A War of Shadows

by Jack L. Chalker

This book is for Eva C. Whitley, so loving a completist that she not only has all my writings, but she married me, too.

ONE

The shadow of death passed through Cornwall, Nebraska, but it was such a nice day that nobody noticed.

The sign off Interstate 80 simply read “Cornwall, next left,” and left it at that. If you took it you were immediately taken onto a smaller and rougher road that looked as if it had last been maintained in the days of the Coolidge administration. Avoiding the potholes and hoping that your own vehicle wasn’t too wide to pass the one coming toward you, you finally passed a small steak house and bar and were told by a smaller sign that you were in Cornwall, Nebraska, Town of the Pioneers, population 1160, together with the news that not only did they have Lions and Rotary, but when they met as well.

The town itself was little more than a main street composed of a few shops and stores, an old church, the inevitable prairie museum, and a motel which had never seen better days, as much maintained by pride as by business.

There wasn’t very much business in Cornwall; like thousands of others throughout the great plains states the town existed as a center for the farmers to get supplies and feed, and to order whatever else they needed from the local Montgomery Ward’s or Sears catalog store.

It was stifling hot on this mid-July afternoon.
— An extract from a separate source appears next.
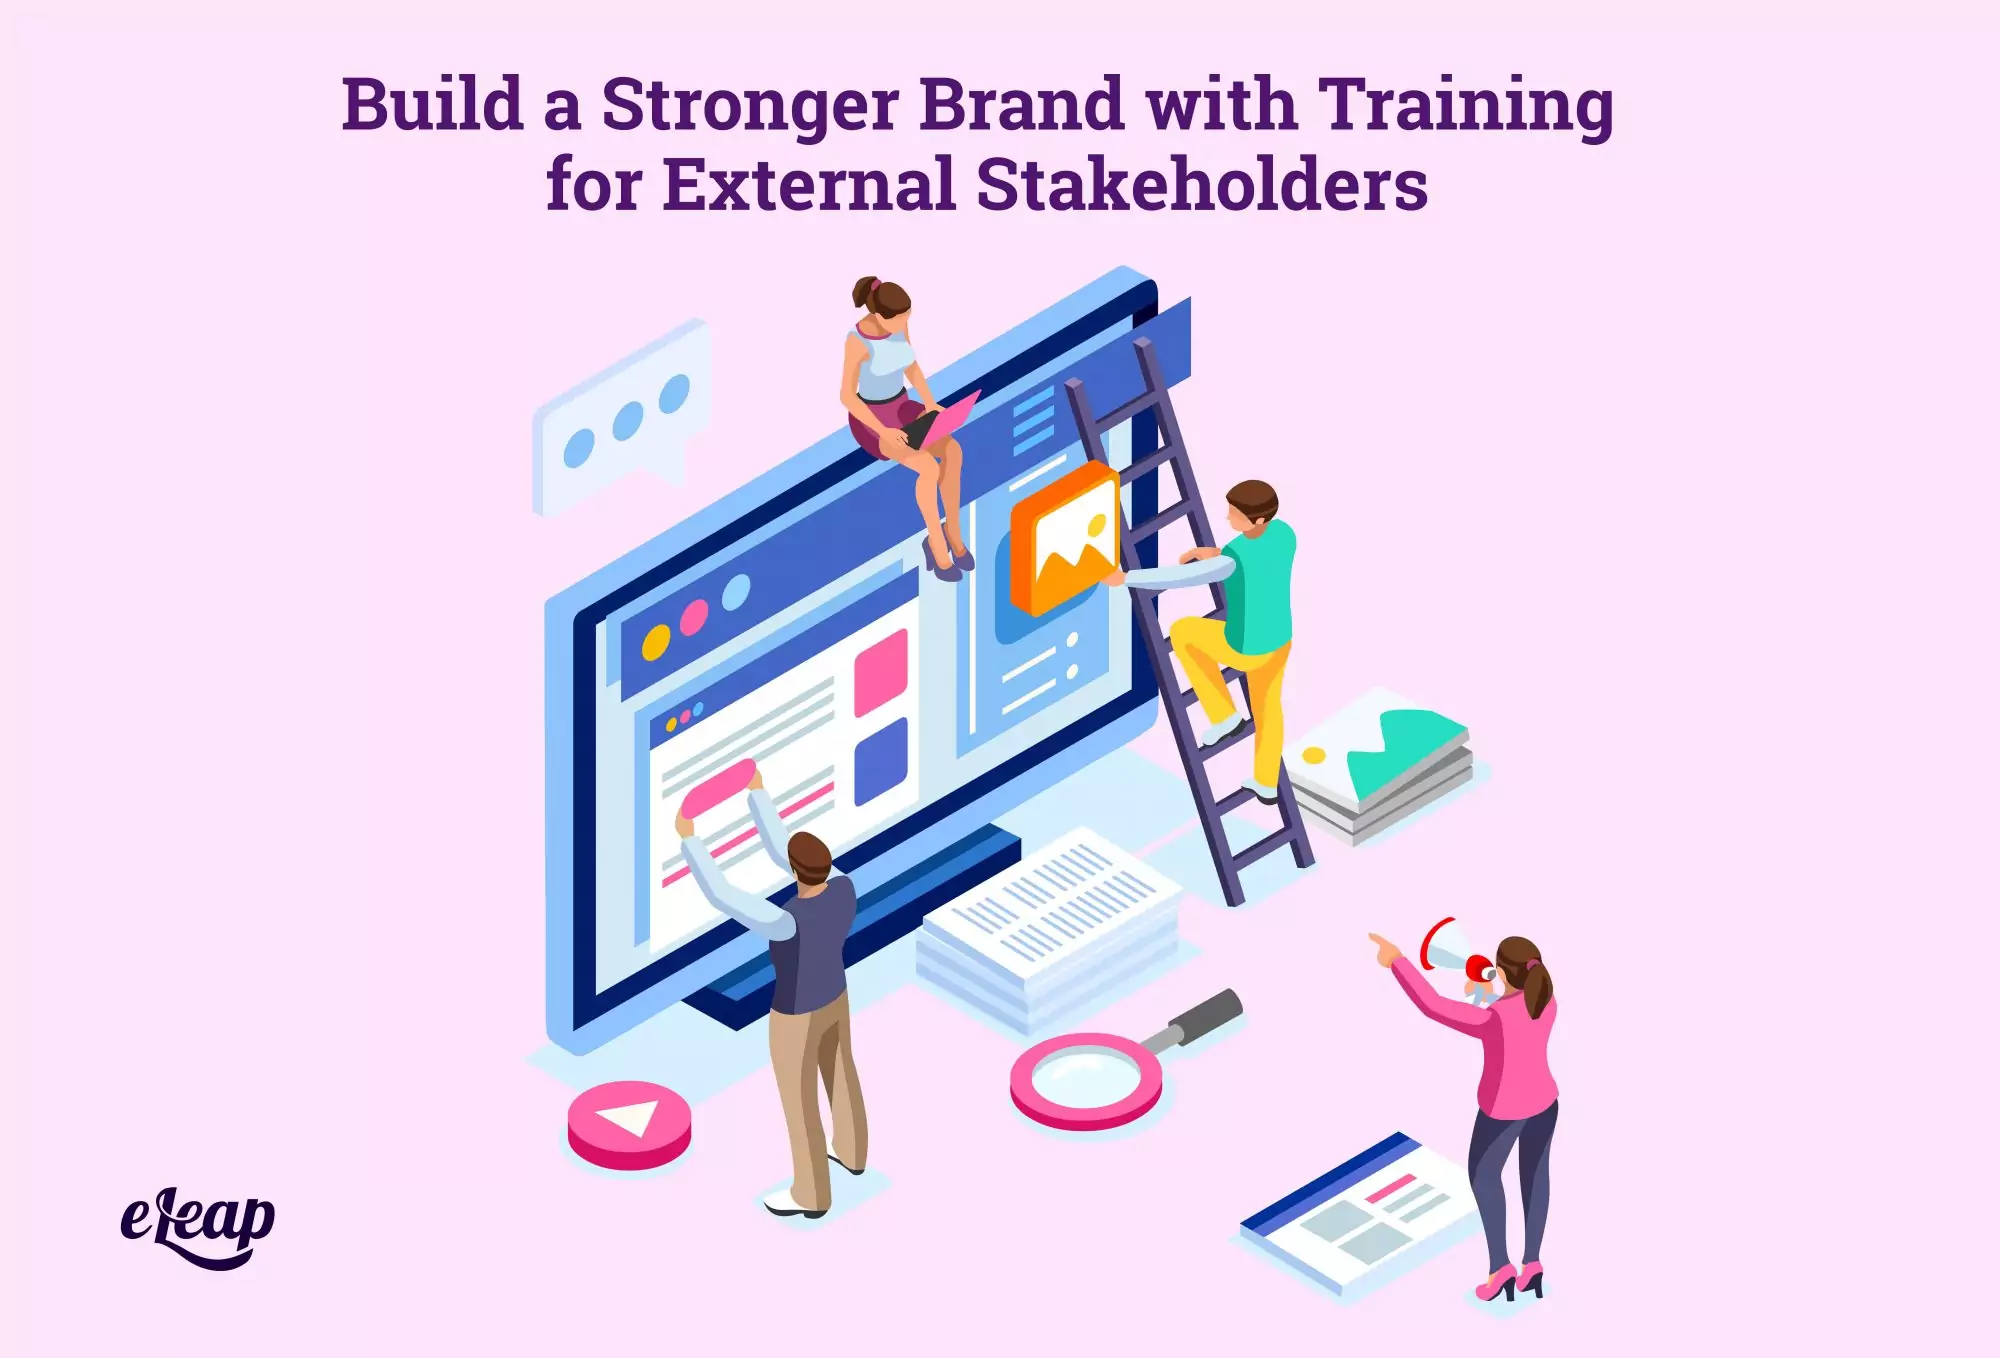 Build a Stronger Brand with Training for External Stakeholders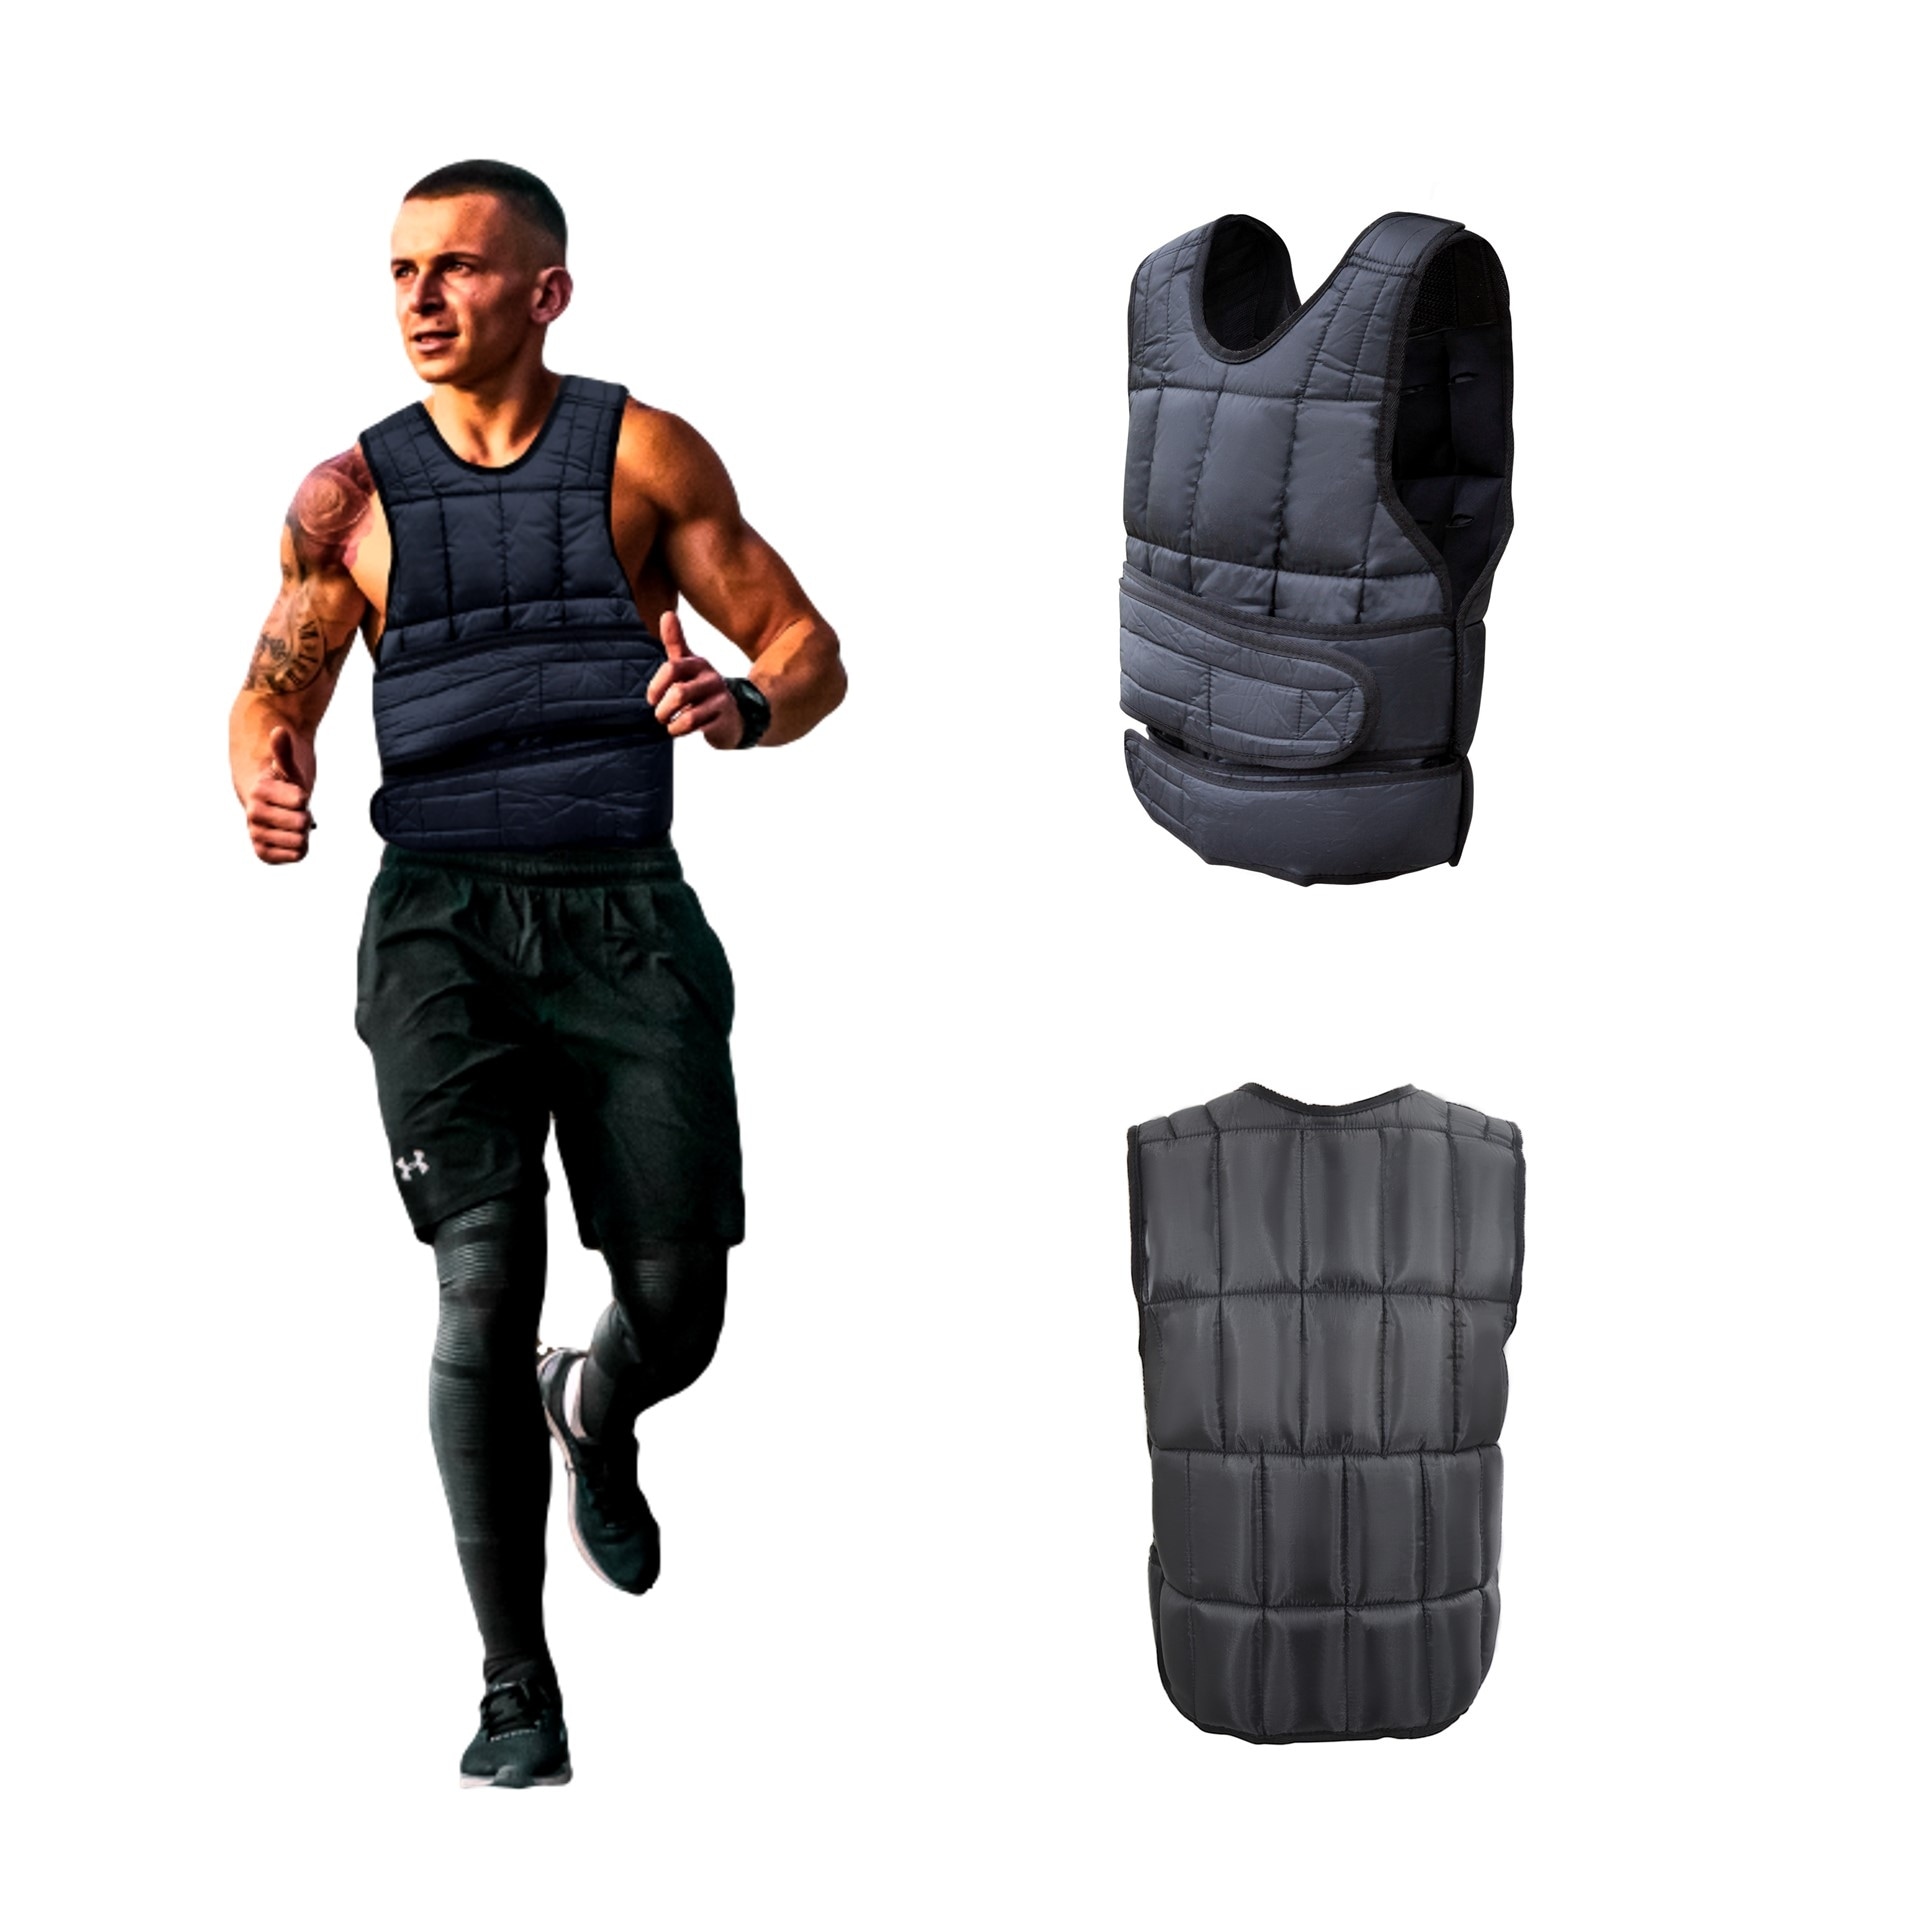 https://ak1.ostkcdn.com/images/products/is/images/direct/9652b1407003ab6bf4831bfa53caf10ba37b5b27/BLACK-ONLY-Weighted-Vest%2C-Body-Weight-Sandbag-for-Cardio-Workout-Fitness-Training.jpg

The ancestors of these people had settled in inhospitable Nebraska because they had lost hope of Oregon; trapped with all their worldly possessions, they had made the land here work—but they had never tamed it.

Three blocks down a side street, a woman gave a terrified shriek and ran from her front door out onto the sidewalk, down toward the stores as fast as she could. Rounding the corner, she ran into the small five-and-ten and screamed at a man checking stock on one of the shelves.